As a character, Mitsuko undergoes changes on several levels: from war orphan to happy child in a new family and from tomboy to feminine girl. These changes underscore the transformation of Hibari, the actress, from freakish stage act to mainstream film star and from child celebrity to national symbol of proper Japanese girlhood. During this process, her imitation of adults is contained but still never disappears entirely. At the start of the film, Mitsuko is homeless, dressed as a boy, and living by the docks in Yokohama with day laborers. An itinerant violinist named Fujikawa and his adult daughter find and adopt her, although they too live in dire poverty. The Fujikawas teach her to dress and act like a girl, but Mitsuko's rehabilitation cannot be complete until she is reunited with her brother, Kenzō. In the film's climax, Kenzō finally finds Mitsuko as she is performing "Sorrowful Whistle" onstage in a nightclub, and the song itself becomes the token by which he knows her. He rushes toward the stage, and when Mitsuko sees him, she runs off the stage toward him.
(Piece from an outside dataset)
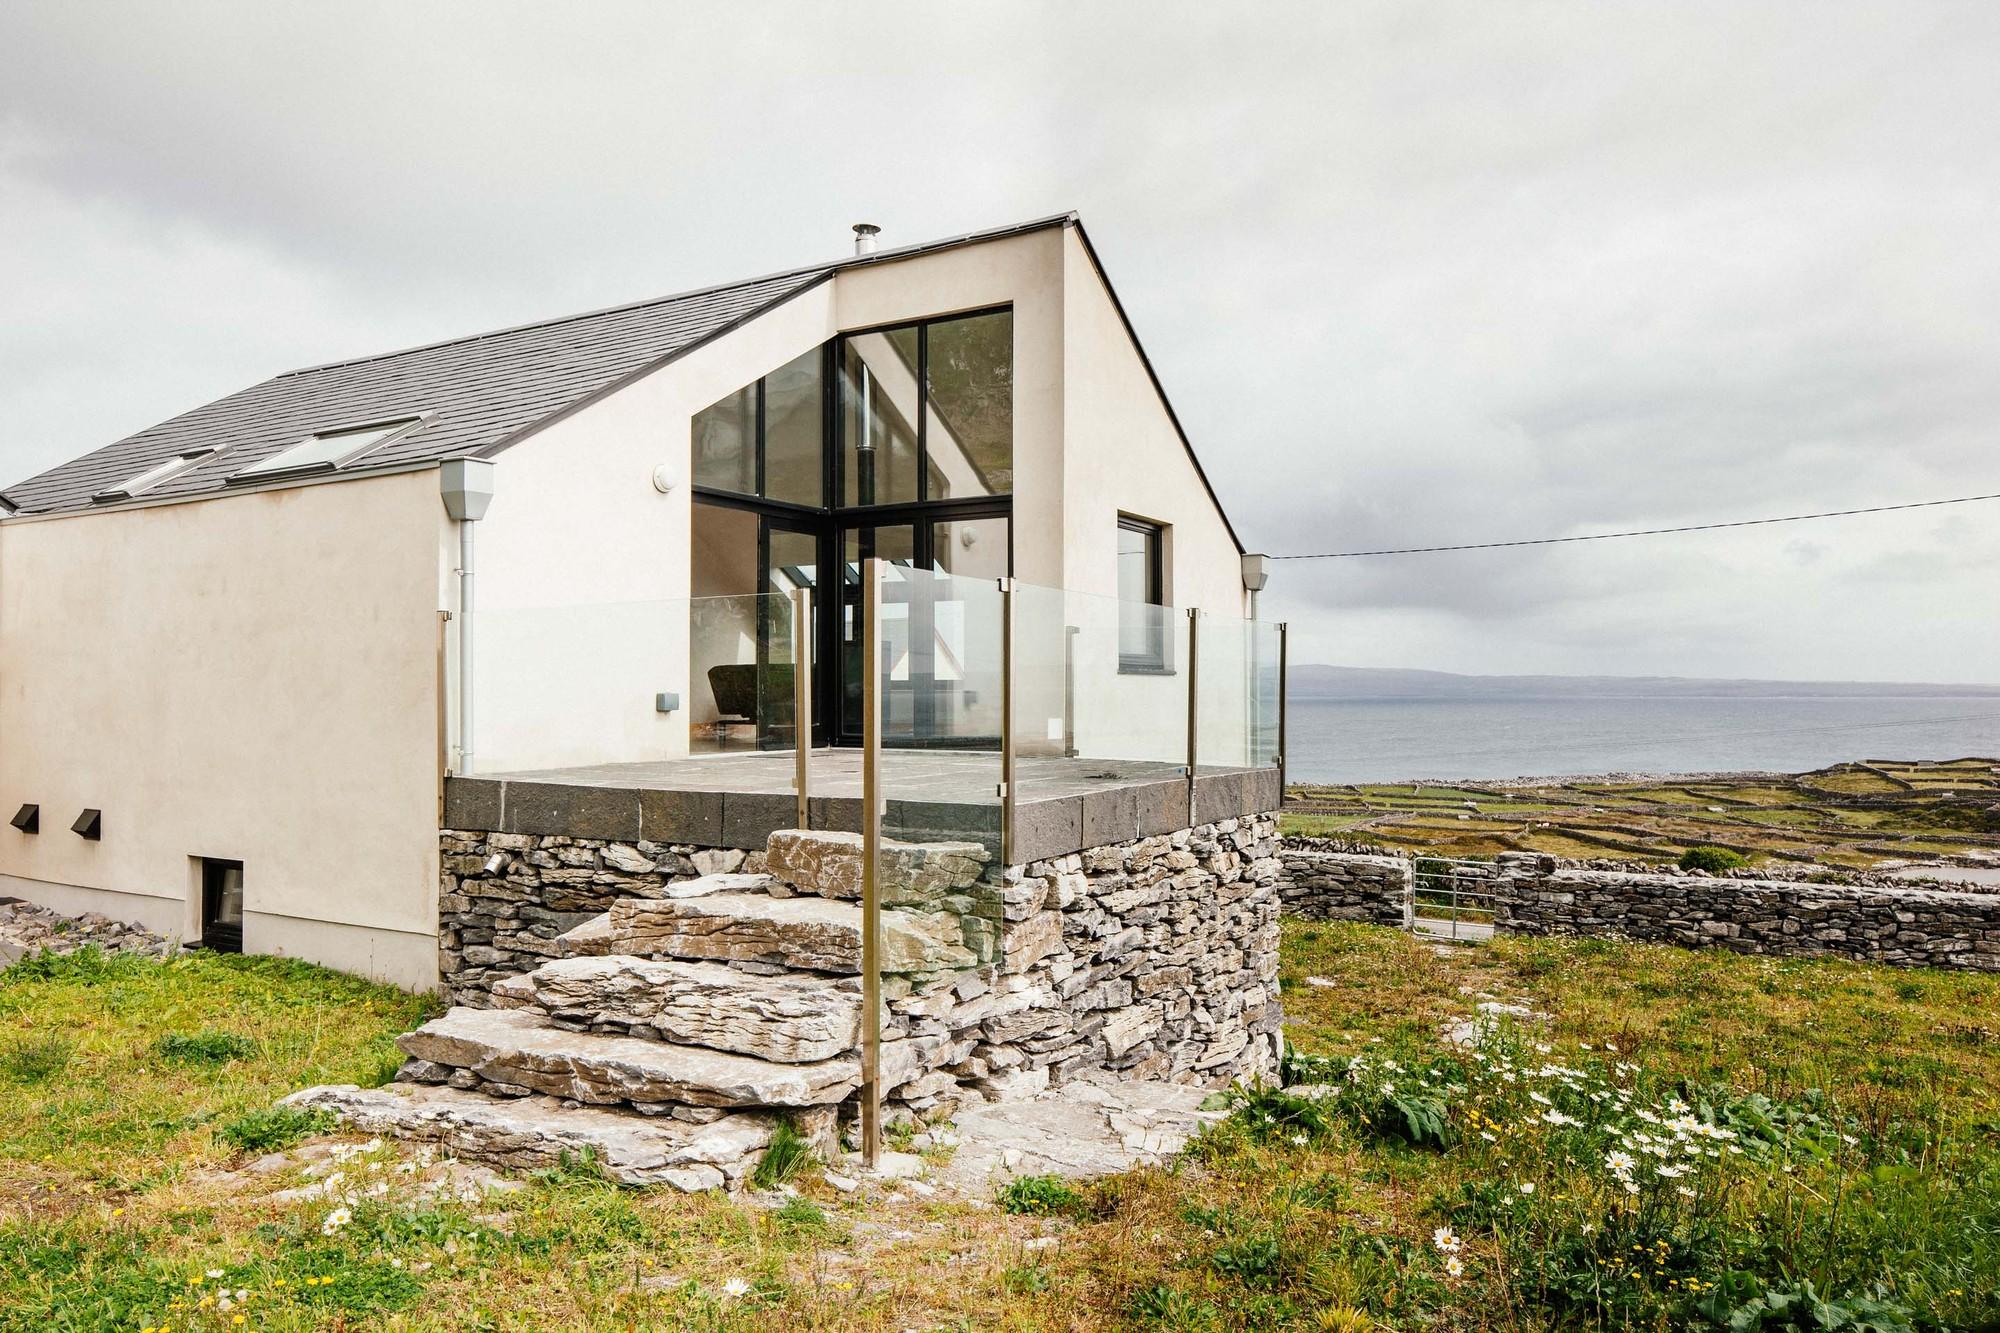 Island Dwelling / O'Neill Architecture, © Philip Lauterbach

Rather than laughing or shouting, they embrace and she sobs violently. In this moment of reunion, Hibari stands in for the thousands of women and girls who in 1949 were still waiting for brothers, fathers, and husbands who would never return home from the war. Hibari's performance elevates the film from mere star vehicle to an expression of national grief and suffering. In the end, a new family is formed: Kenzō has coincidentally met and fallen in love with Fujikawa's daughter, and the young couple become surrogate parents for Mitsuko.

The image of innocent girlhood at the end of the film overshadows but does not completely erase the suggestion of Hibari's controversial stage persona, which still appears at some moments in Sorrowful Whistle.

==Music==
The single with the title song became a bestselling record for Hibari Misora, selling more than 45 million copies in Japan.